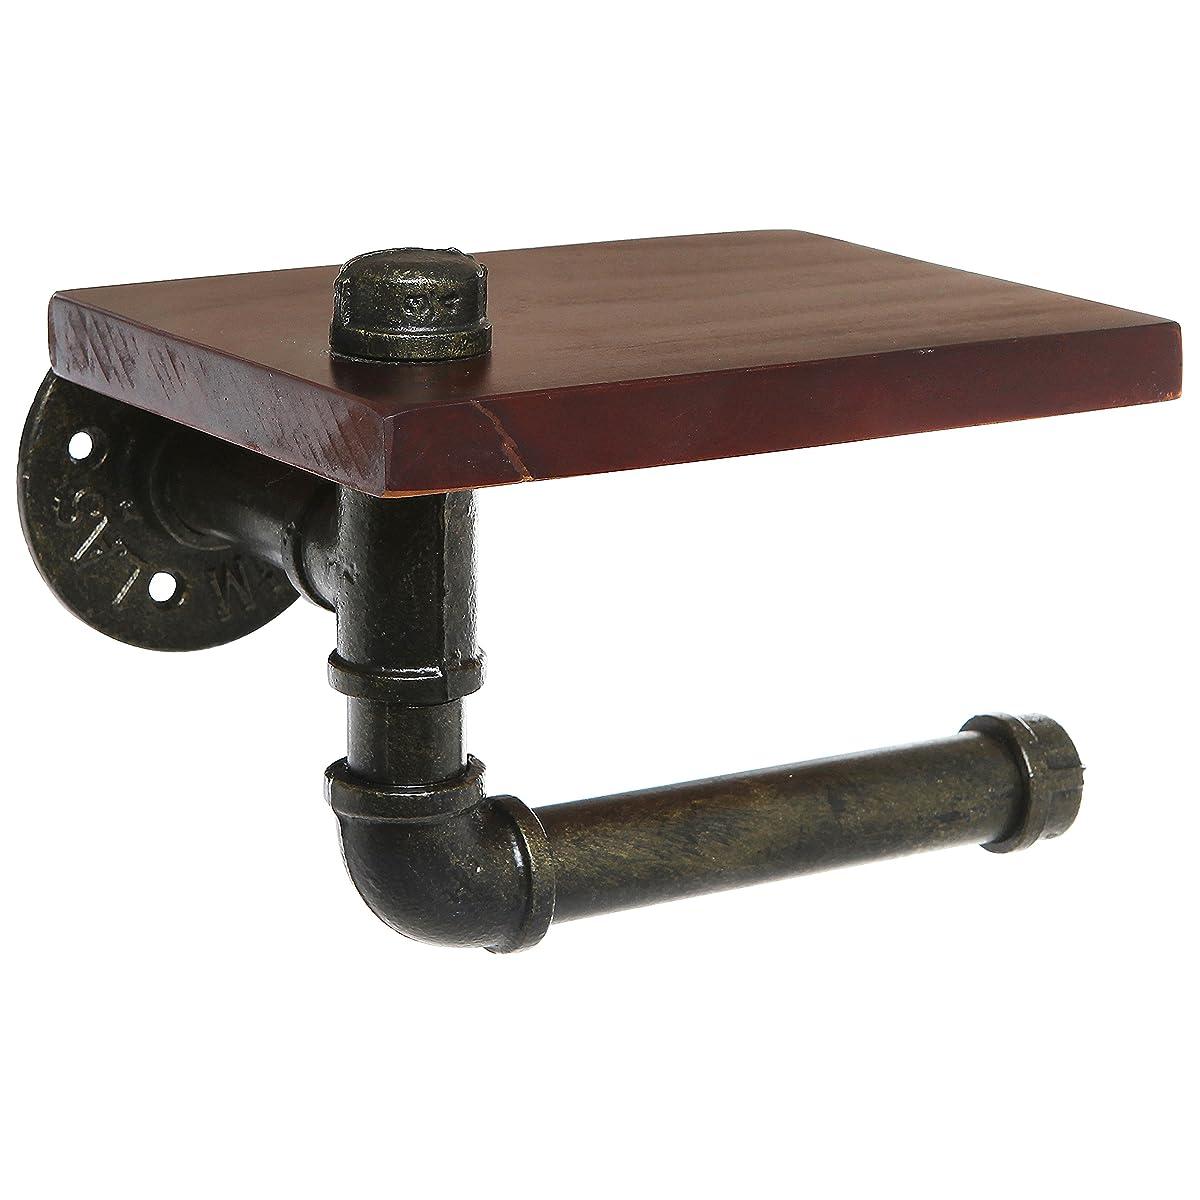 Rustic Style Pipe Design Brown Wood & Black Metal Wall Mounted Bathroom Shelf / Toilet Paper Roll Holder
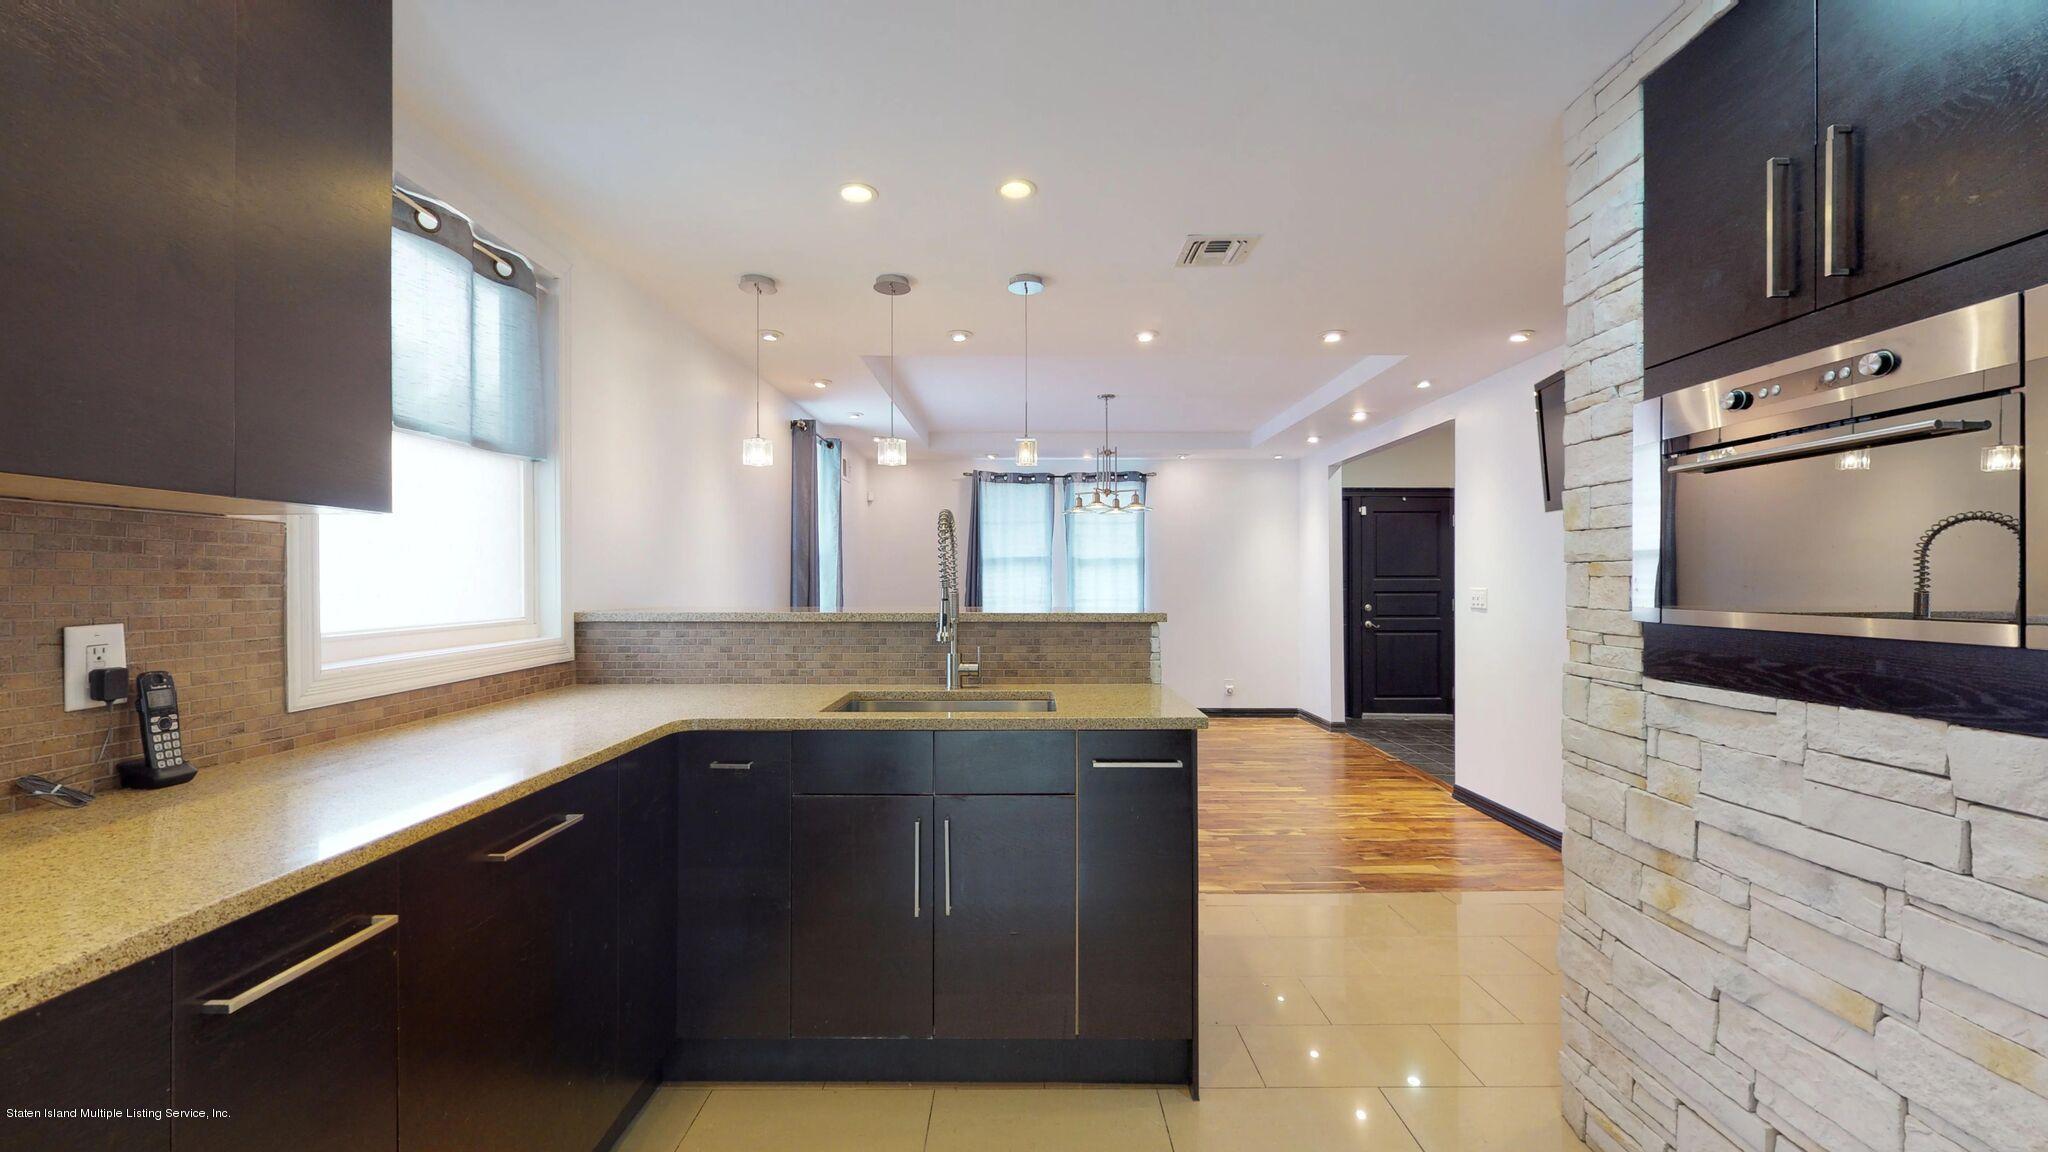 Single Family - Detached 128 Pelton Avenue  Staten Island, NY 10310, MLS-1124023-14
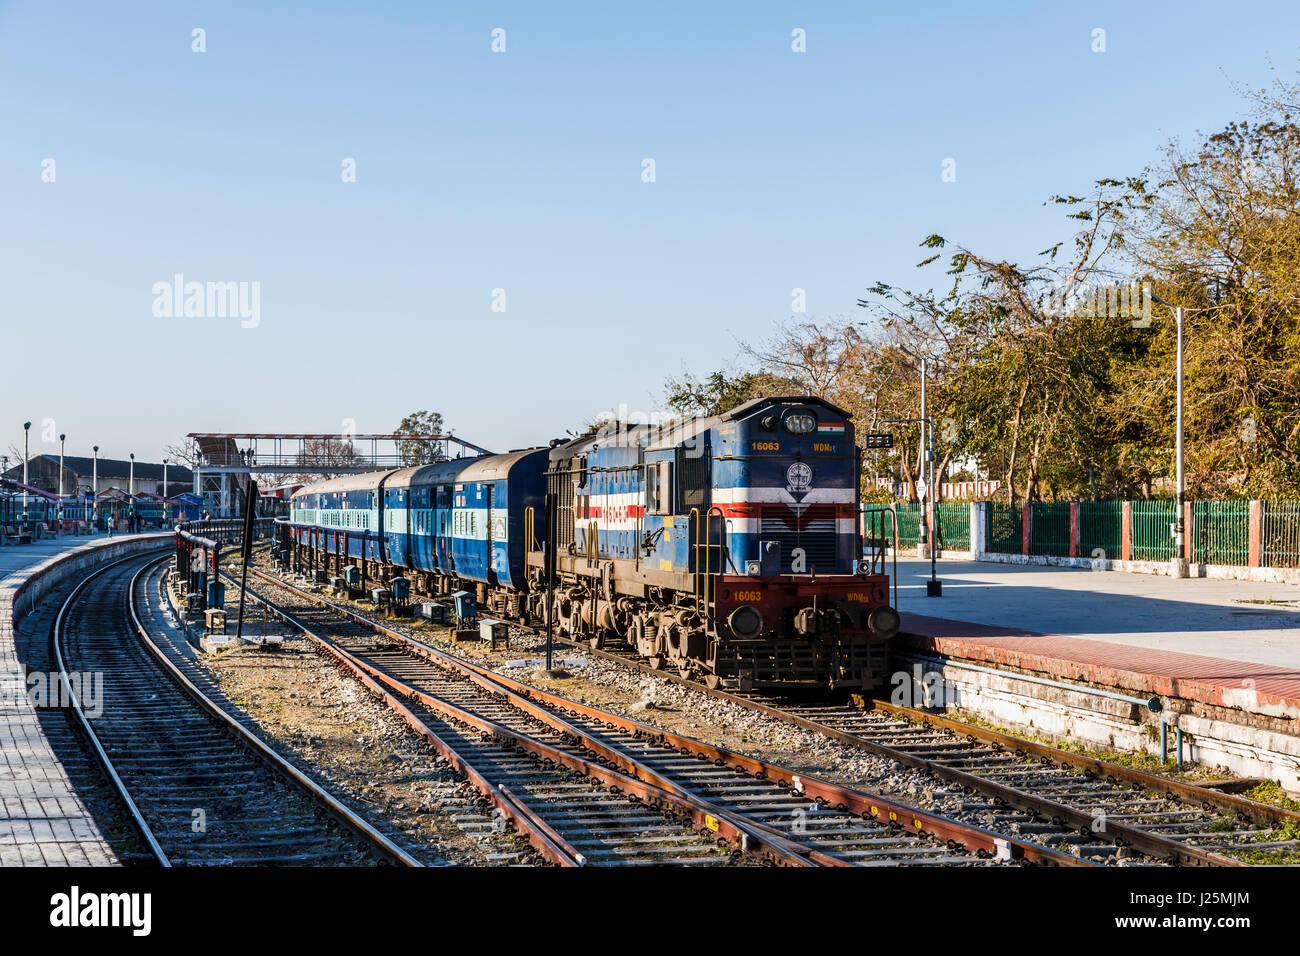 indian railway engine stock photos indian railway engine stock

TASK |
Please print exactly the lines from the one holding "Single Family - Detached" through the final line of the data above, including both, and skip all pictures.

REPLY TO THE EXERCISE |
 Single Family - Detached 128 Pelton Avenue  Staten Island, NY 10310, MLS-1124023-14
 indian railway engine stock photos indian railway engine stock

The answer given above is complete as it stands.